Absolute alert: CURDEPTH greater than 50000. Works when all tier-1 queues use MAXDEPTH 100000. Utilization alert: CURDEPTH divided by MAXDEPTH greater than 0.8. Works when MAXDEPTH varies from 1000 to 500000 across applications. A queue at depth 900 with MAXDEPTH 1000 is ninety percent full and more urgent than depth 900 with MAXDEPTH 1000000. Exporters should expose both raw depth and max depth labels or a precomputed ratio metric to simplify Grafana stat panels.

shell
1
2
3
4
DISPLAY QLOCAL('ORDERS.IN') CURDEPTH MAXDEPTH IPPROCS OPPROCS MONQ * Example reading: * CURDEPTH(45230) MAXDEPTH(100000) IPPROCS(3) OPPROCS(0) * Interpretation: producers active, no open getters — investigate consumers

Queue Monitoring Events

ALTER QLOCAL MONQ(ENABLED) with queue manager event configuration allows depth high and depth low events to appear on the system event queue or event streams your tooling consumes. Events complement metrics: an event might fire at a threshold defined in queue attributes while Prometheus scrapes every thirty seconds and might miss a brief spike. Use both for tier-1 queues. Event parameters include QDEPTHHI, QDEPTHLO, QDPHIEV, QDPLOEV per attribute names on your MQ version—verify exact spellings in product documentation before scripting ALTER commands.
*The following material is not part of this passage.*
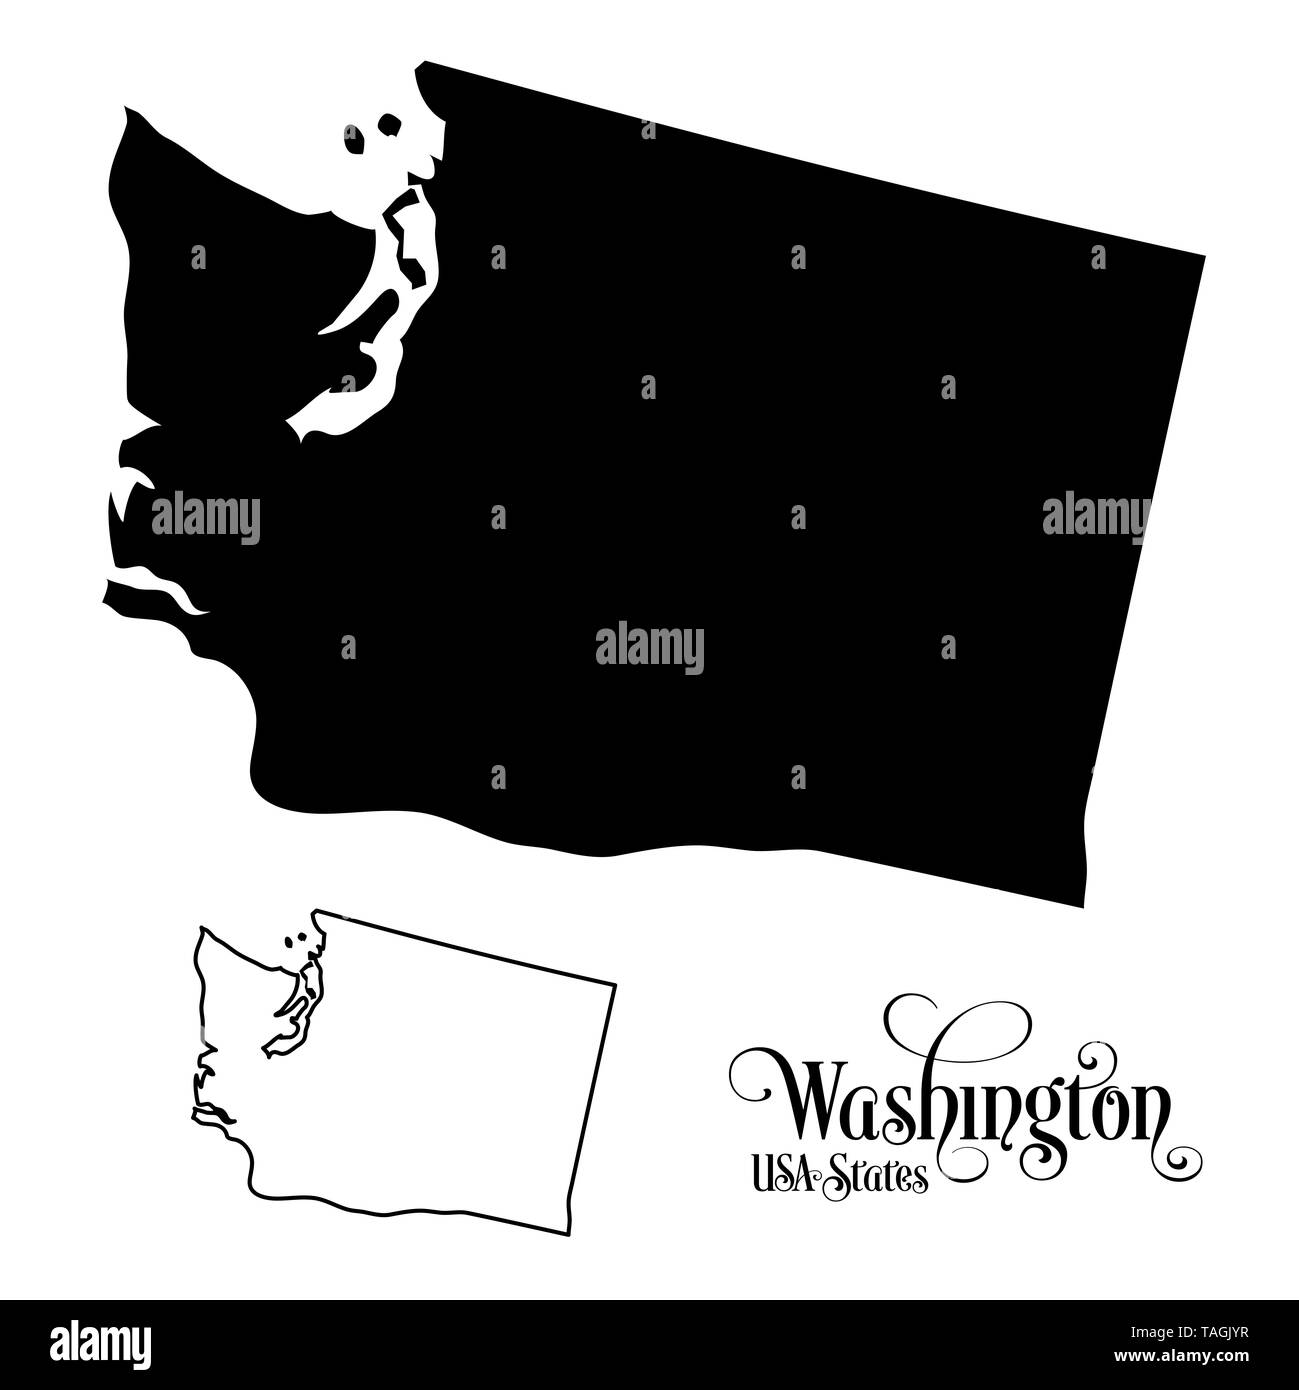 Map of The United States of America (USA) State of Washington - Illustration on White Background. Stock Photo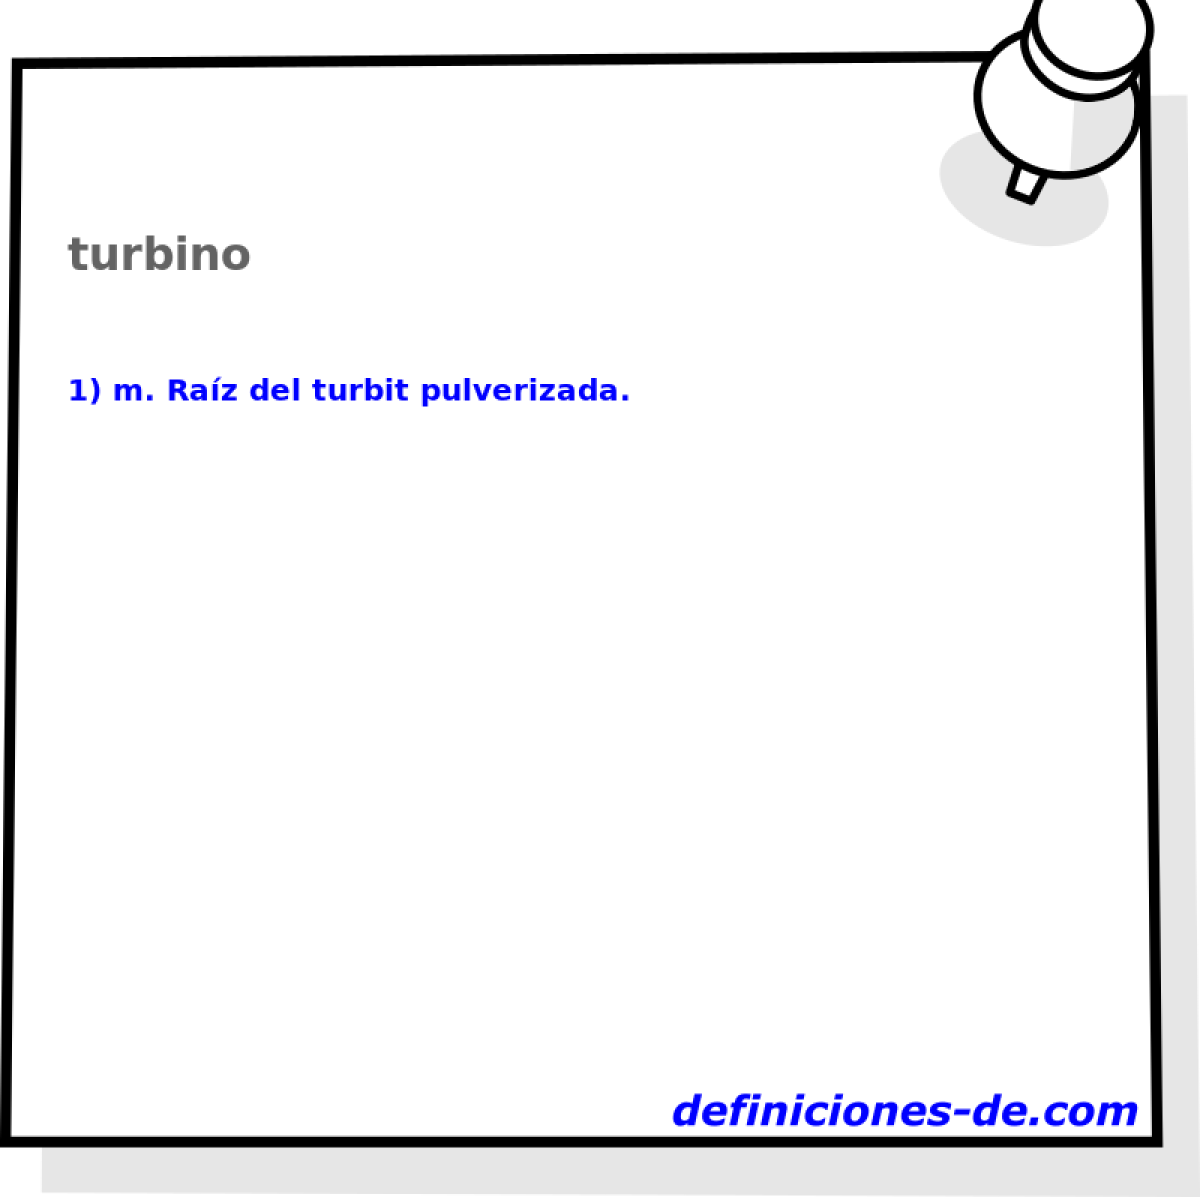 turbino

Exporting Depth to Metrics Platforms

  1. Deploy MQ metrics exporter with credentials to DISPLAY queues.
  2. Exporter issues PCF INQUIRE or equivalent on schedule.
  3. Prometheus scrapes gauge ibmmq_queue_depth or vendor-specific name.
  4. Grafana plots time series; Alertmanager or Grafana alerts on threshold.
  5. Instana or Dynatrace sensors may collect same attribute without Prometheus.

Cardinality warning: labeling every queue name on a cluster with ten thousand queues creates ten thousand series. Filter exporter config to application queues, use regex include lists, or aggregate by queue manager for NOC dashboards and drill to name only in Console during incidents.

Local Queue vs Transmission Queue Depth

Growing depth on a local application queue usually means slow or stopped consumers on that queue manager. Growing depth on a transmission queue (XMITQ) means messages cannot leave the queue manager—channel STOPPED, RETRY, partner down, or network failure. Alerting rules should tag queue type in runbooks. DISPLAY QLOCAL on XMITQ names tied to SDR channels; DISPLAY CHSTATUS on the paired channel when XMITQ depth rises.

Shared Queues on z/OS

In queue sharing groups, depth may reflect shared message storage in coupling facility structures. Monitoring tools must use APIs that report correct depth for shared queues on the queue manager you query. Capacity planning includes CF structure utilization, not only CURDEPTH on paper. Beginners on z/OS should read CF structure high-water marks alongside queue depth tiles.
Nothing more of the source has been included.